"Lower than default" precedence in Lezer grammars

andreypopp · March 29, 2021, 2:26pm

I’m trying to port Julia’s Tree Sitter grammar to Lezer and it uses negative precedence — by default all rules have precedence set to 0 in Tree Sitter, so negative precedence is lower than the default one — and I’m wondering if there’s a way to specify precedence “lower than default” in Lezer?

marijn · March 29, 2021, 7:07pm

No, that’s not supported (except with dynamic precedence, but if you can avoid that static precedence is much cheaper). But unless this rule conflicts with a lot of other rules, applying a regular precedence to the others might work.

andreypopp · March 31, 2021, 11:22am

Thanks! I think I was able to overcome that.

Another question: Julia grammar requires some more control over whitespace, for example in function call the left paren ( should open immediately w/o any whitespace after the identifier; this is a syntax error f (1) while this is ok f(1).

In tree-sitter-julia they have a custom tokenizer which emits IMMEDIATE_PAREN token.

I’ve tried to do the same with Lezer but it seems external tokenizers don’t have access to “lookahead”. I’ve looked into using ContextTracker but it doesn’t seem to be able to react on whitespace so I cannot react on the occurrence of whitespace in the input.

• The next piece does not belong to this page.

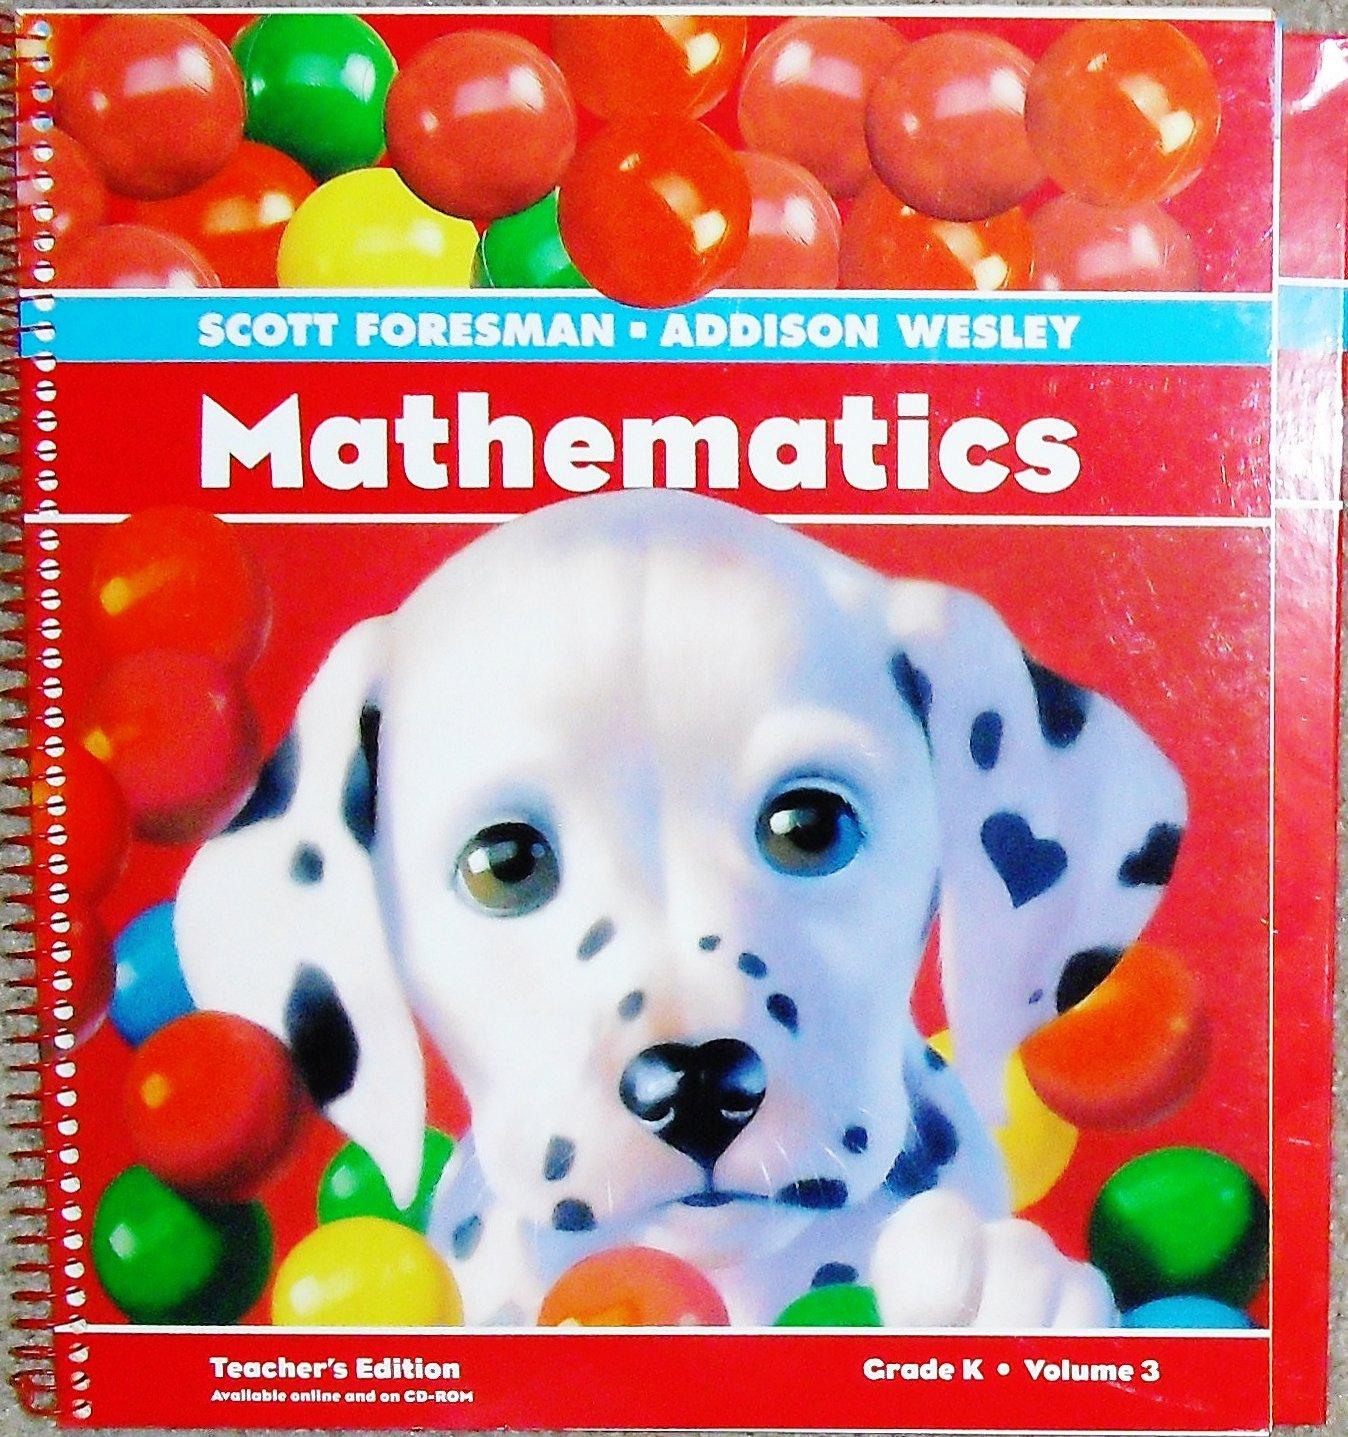 Download Scott Foresman Mathematics, Teacher's Edition, Grade K, Volume 3 (3) pdf epub

The gist of what I’m trying to do:

export const layout = new ExternalTokenizer(
  (input, token, stack) => {
    if (
      input.get(token.start) === LPAREN &&
      // only if immediateParen is allowed
      stack.canShift(terms.immediateParen) &&
      // only if we haven't encountered whitespace on prev position
      !stack.context.whitespace
    ) {
      token.accept(terms.immediateParen, token.start - 1);
      return;
    }
  },
  {
    contextual: true,
    // So we still produce "(" after immediateParen
    extend: true,
  }
);


export let context = new ContextTracker({
  start: {whitespace: true},
  // THIS DOES NOT EXIST
  skip(context) {
    return {whitespace: true};
  },
  shift(_context, term, input, stack) {
    return {whitespace: false};
  },
  hash(context) {
    return +context.whitespace;
  }
});

Do you think this makes sense or am I missing some other obvious solution?

Thanks!

marijn · March 31, 2021, 2:19pm

Custom tokenizers should be able to read any input they desire, so it should be possible to emit a special token for parens without whitespace in front of them.

andreypopp · March 31, 2021, 3:41pm

I was hoping I could reuse definitions for whitespace-y tokens defined in grammar but checking what was before the paren is good enough too. Thanks!